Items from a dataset
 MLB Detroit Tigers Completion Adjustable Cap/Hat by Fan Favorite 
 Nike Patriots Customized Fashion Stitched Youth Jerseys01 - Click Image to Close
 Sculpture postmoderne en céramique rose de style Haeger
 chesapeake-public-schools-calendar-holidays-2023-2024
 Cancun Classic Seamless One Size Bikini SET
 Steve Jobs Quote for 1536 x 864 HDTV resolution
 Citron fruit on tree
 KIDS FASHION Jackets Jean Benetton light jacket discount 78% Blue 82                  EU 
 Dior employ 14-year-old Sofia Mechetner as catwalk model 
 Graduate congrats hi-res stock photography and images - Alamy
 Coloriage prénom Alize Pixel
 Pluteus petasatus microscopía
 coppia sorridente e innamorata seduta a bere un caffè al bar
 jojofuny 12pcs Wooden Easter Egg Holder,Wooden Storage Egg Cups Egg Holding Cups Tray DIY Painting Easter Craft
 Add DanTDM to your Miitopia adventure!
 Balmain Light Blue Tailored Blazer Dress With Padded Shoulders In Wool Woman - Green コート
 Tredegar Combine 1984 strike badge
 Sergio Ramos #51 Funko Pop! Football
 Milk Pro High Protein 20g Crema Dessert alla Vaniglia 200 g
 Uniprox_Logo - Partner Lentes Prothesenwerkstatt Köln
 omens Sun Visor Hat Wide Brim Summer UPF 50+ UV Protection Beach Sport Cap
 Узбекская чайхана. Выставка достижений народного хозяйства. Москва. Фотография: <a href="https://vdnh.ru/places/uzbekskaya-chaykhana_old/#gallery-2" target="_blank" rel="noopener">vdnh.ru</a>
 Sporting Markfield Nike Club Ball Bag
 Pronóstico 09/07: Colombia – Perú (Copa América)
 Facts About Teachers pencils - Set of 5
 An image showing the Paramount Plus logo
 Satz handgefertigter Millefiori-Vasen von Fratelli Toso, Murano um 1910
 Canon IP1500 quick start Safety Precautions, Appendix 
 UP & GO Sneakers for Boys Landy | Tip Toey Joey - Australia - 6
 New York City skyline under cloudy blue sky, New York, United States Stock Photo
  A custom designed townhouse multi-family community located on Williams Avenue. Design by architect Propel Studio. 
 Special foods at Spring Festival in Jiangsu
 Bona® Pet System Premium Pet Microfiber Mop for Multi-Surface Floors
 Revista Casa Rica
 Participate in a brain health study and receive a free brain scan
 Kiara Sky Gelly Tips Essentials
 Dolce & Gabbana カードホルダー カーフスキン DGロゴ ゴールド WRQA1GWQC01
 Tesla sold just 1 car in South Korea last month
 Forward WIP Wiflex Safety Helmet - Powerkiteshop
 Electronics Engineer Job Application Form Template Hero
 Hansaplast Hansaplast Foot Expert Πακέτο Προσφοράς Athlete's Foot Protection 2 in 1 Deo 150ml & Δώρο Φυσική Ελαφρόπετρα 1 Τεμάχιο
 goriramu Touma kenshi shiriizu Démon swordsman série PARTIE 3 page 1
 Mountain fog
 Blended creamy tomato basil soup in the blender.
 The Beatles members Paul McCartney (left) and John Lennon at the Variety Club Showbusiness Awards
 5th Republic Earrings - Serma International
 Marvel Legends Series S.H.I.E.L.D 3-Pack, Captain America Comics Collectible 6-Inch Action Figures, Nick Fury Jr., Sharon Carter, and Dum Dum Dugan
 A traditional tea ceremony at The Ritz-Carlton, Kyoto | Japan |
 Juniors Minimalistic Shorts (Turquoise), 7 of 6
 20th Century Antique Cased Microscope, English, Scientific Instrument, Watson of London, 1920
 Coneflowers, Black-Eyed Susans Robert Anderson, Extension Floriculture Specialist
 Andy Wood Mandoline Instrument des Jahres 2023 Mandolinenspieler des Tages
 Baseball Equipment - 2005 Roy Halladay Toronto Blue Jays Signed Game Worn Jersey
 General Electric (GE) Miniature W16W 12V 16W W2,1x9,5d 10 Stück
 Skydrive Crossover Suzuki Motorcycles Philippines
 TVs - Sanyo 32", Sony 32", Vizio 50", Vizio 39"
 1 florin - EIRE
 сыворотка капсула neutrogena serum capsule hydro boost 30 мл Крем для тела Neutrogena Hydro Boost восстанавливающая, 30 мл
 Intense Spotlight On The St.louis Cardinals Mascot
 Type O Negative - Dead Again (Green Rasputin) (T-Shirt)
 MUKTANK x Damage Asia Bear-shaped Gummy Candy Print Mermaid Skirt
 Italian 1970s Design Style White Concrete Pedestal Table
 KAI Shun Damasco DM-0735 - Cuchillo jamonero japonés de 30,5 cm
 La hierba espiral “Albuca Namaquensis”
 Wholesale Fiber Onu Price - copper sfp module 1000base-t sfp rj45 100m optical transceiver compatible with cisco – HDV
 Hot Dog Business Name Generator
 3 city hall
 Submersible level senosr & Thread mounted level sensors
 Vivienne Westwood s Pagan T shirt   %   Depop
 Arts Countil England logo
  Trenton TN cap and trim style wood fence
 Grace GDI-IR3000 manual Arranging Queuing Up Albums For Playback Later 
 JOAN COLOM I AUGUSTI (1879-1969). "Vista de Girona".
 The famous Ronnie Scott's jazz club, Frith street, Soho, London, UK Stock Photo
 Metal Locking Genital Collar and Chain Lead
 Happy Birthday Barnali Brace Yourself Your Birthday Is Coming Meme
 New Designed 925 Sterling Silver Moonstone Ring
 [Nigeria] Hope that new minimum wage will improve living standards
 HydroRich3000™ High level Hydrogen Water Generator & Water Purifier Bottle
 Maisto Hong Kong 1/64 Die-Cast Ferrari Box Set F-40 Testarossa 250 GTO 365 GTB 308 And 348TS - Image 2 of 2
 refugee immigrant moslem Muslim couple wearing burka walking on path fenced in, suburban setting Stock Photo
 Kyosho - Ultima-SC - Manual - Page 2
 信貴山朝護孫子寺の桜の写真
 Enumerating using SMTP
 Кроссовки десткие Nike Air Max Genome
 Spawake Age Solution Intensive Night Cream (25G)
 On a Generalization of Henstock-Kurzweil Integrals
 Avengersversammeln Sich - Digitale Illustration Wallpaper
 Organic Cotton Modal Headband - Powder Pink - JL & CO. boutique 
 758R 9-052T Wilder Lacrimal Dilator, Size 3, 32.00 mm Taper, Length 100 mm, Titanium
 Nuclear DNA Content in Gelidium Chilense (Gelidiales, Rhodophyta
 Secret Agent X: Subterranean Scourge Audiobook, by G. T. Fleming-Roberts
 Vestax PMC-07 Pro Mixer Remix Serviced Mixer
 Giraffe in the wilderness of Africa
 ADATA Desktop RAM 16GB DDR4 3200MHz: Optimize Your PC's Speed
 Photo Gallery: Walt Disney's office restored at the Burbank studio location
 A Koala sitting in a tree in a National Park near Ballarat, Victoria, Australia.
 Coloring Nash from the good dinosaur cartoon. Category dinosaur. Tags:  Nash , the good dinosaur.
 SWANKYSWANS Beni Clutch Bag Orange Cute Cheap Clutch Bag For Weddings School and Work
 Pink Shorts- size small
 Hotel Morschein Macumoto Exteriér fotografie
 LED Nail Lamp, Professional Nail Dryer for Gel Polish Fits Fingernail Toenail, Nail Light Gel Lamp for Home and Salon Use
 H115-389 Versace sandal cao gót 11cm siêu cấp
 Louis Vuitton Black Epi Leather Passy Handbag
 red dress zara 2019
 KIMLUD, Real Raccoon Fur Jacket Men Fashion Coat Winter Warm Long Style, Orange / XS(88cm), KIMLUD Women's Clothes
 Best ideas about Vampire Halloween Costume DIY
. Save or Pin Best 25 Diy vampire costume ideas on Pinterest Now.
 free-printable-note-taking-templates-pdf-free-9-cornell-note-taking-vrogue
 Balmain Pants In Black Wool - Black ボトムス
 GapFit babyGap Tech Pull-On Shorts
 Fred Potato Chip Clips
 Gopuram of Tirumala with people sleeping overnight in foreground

Work item – The lines above that include "Protection" should each be listed.

Result –
 omens Sun Visor Hat Wide Brim Summer UPF 50+ UV Protection Beach Sport Cap
 Hansaplast Hansaplast Foot Expert Πακέτο Προσφοράς Athlete's Foot Protection 2 in 1 Deo 150ml & Δώρο Φυσική Ελαφρόπετρα 1 Τεμάχιο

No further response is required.